?Purchasing power: In war’s wake — Toledo, Ohio 1946
Franklin D. Roosevelt, who led the nation through the twin perils of the Great Depression and World War II, was crippled by polio as a young man. In 1938 he founded the National Foundation for Infantile Paralysis, whose chief fundraising event was the annual door-to-door March of Dimes campaign.
Shortly after Roosevelt died April 12, 1945, Chief Engraver John R. Sinnock began work on the Roosevelt dime — a singularly appropriate denomination. Production began Jan. 30, 1946, the president’s birthday.
The nation was still transitioning to a peacetime economy when the coin was issued. Pent-up demand from a decade of Depression and five years of war stressed the economy. Civilian goods were often in short supply or had not been available for years.

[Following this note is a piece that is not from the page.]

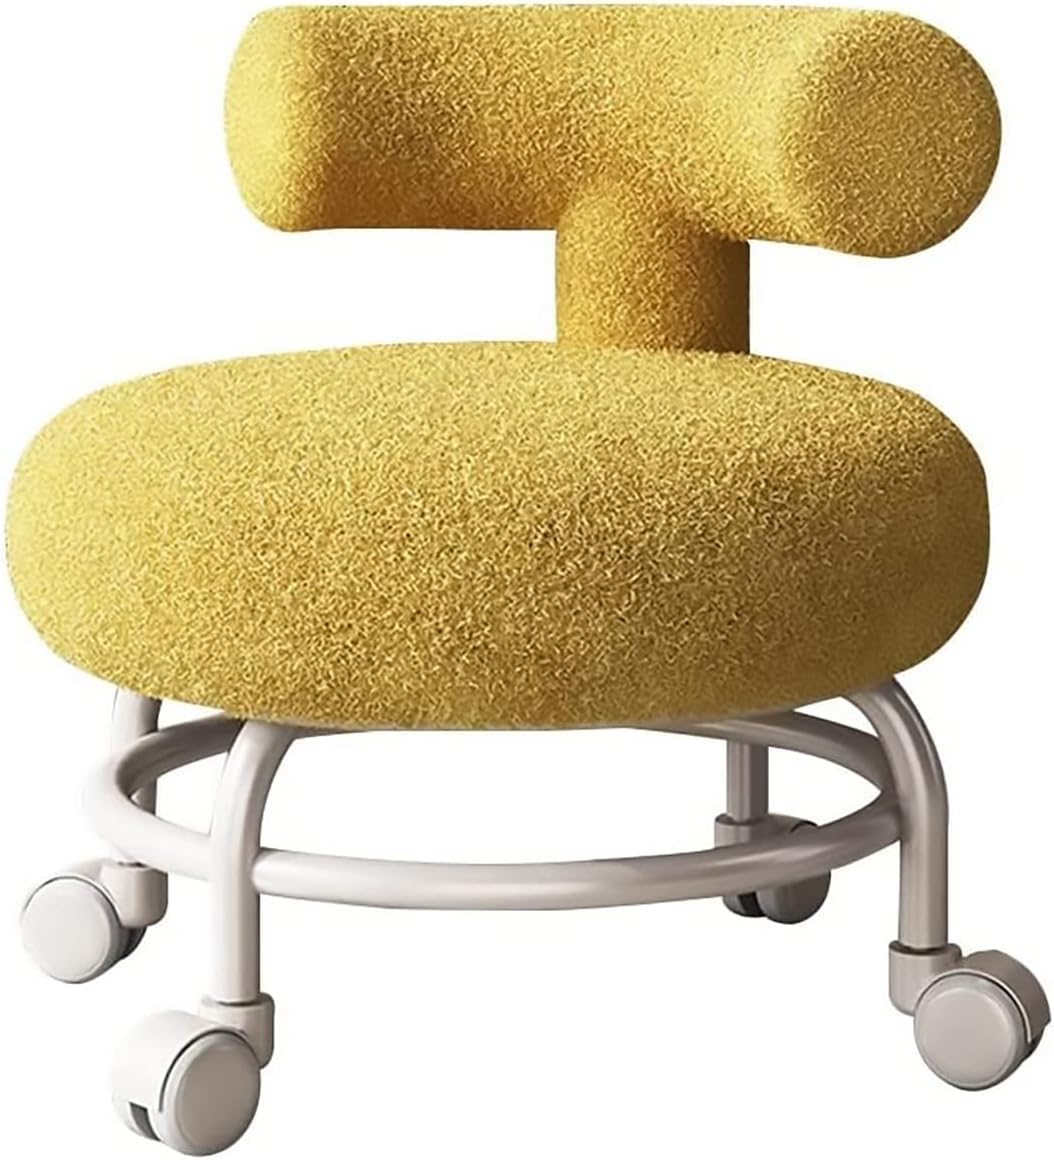 Durable chair with velor seat and wheels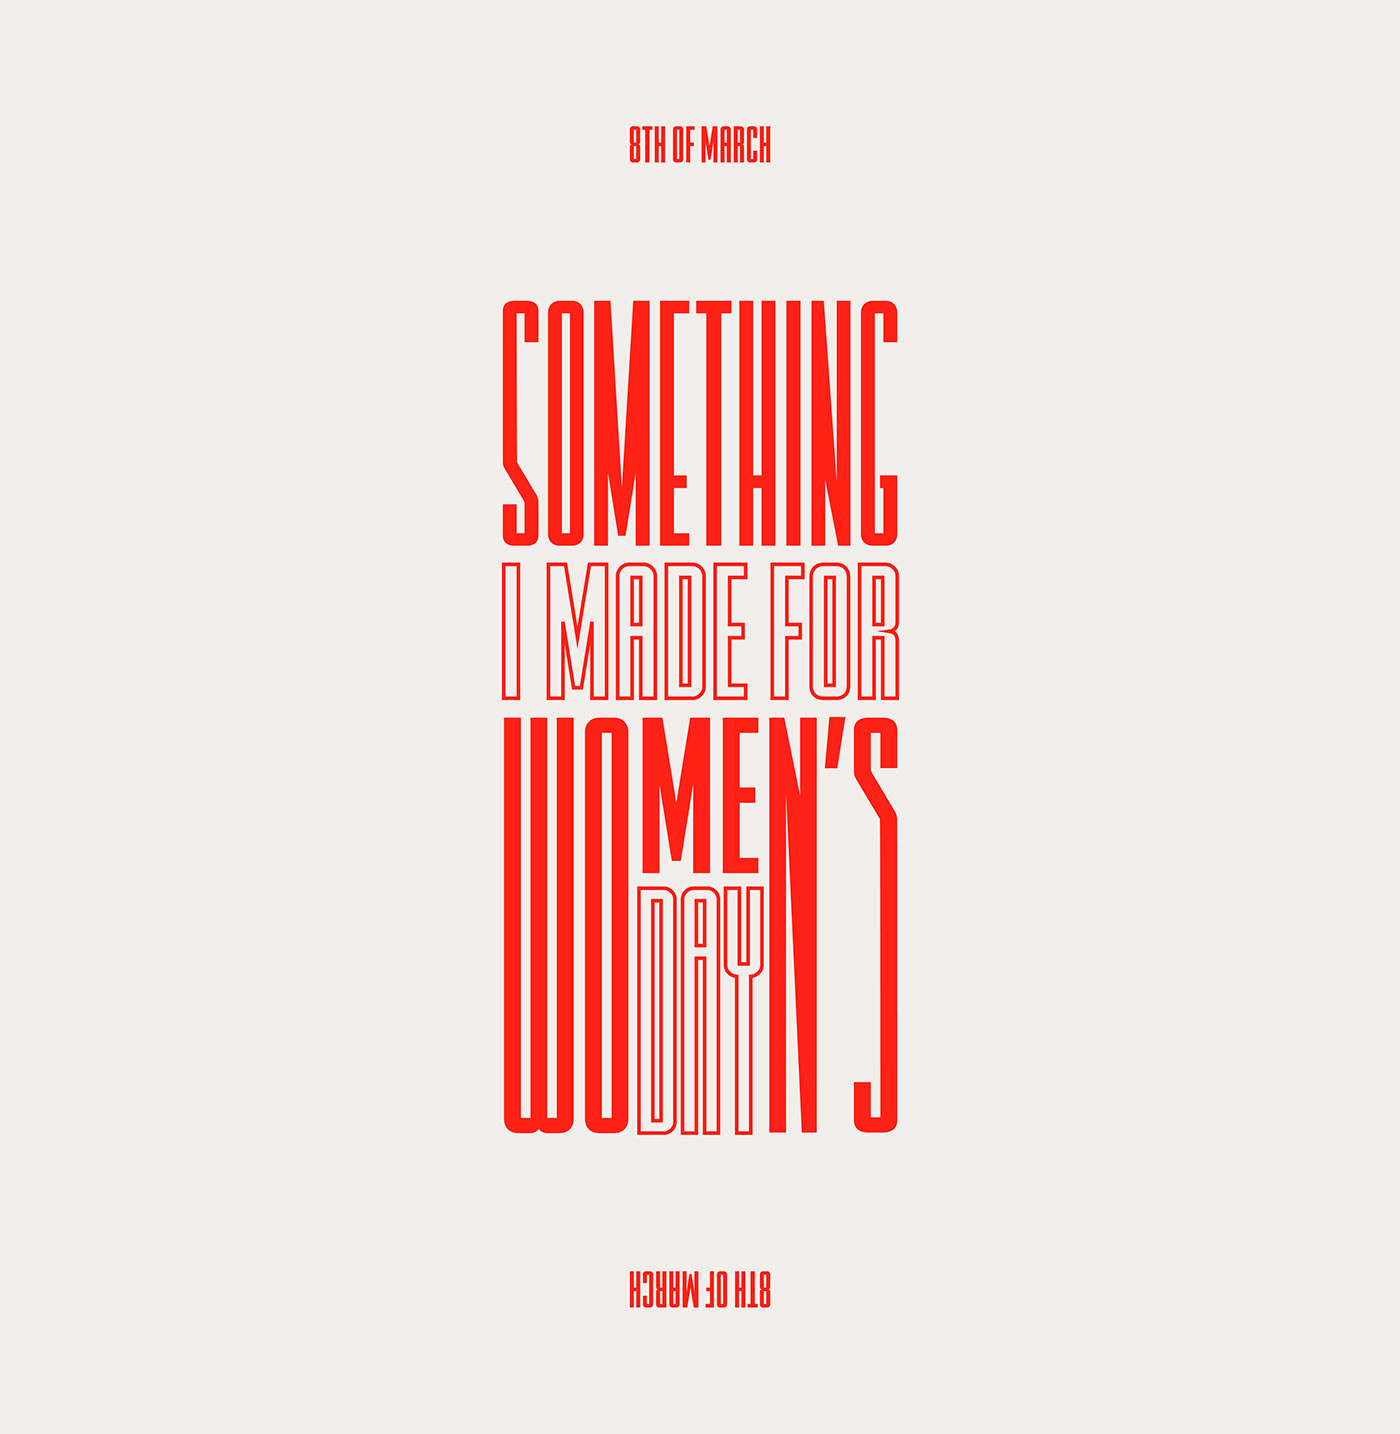 women womens day International Womens day bold distortion Typeface typographic Experimentation gif type extention

The 1946 dime contains .07234ounces of silver, worth about $1.45 as I write this. In 1946, the value of that silver in the dime was slightly more than 5 cents.
As for what that dime could purchase in1946, here are the prices for some items advertised in the Toledo Blade newspaper in January 1946:
- Lane’s “cut-rate drugs” was charging a dime for six pencils with erasers, a can of Shinola shoe polish, a flashlight battery, two bars of Lava soap, 50 envelopes or 250 aspirin tablets.
The store was also selling rat traps for 11 cents, a 40-ounce can of Colgate tooth powder for 37 cents, a giant tube of Colgate shaving cream for 39 cents and a pint of Fumo moth spray for 59 cents.
- At Belman’s supermarket, a dime would buy two rolls of Northern toilet paper, a package of marshmallows, a can of grapefruit juice or half a pound of boiling beef.
The store was also selling lard for 18 cents a pound, 3-pound jars of Crisco for 68 cents, a large package of Oxydol detergent for 23 cents and beef steak for 39 cents a pound.
- A dime wouldn’t buy much at W.T. Grant’s, a dime store chain that went under in 1976. The store advertised artificial flowers and small boxes of Kleenex, which it said was a “very scarce item,” for a dime.
The store also advertised that it had just 24 each of four types of “new metal toys.” Parents of those lucky post-war children were able to buy toy patrol and transport planes for 59 cents and stake and dump trucks for 79 cents.
General Electric, the object of a CIO strike, took its case to the public, complaining that it had offered workers earning less than $1 an hour a 10-cent pay hike and those earning more a 10 percent raise, to no avail. The federal minimum wages was 40 cents an hour in 1946. It is now $7.25 an hour.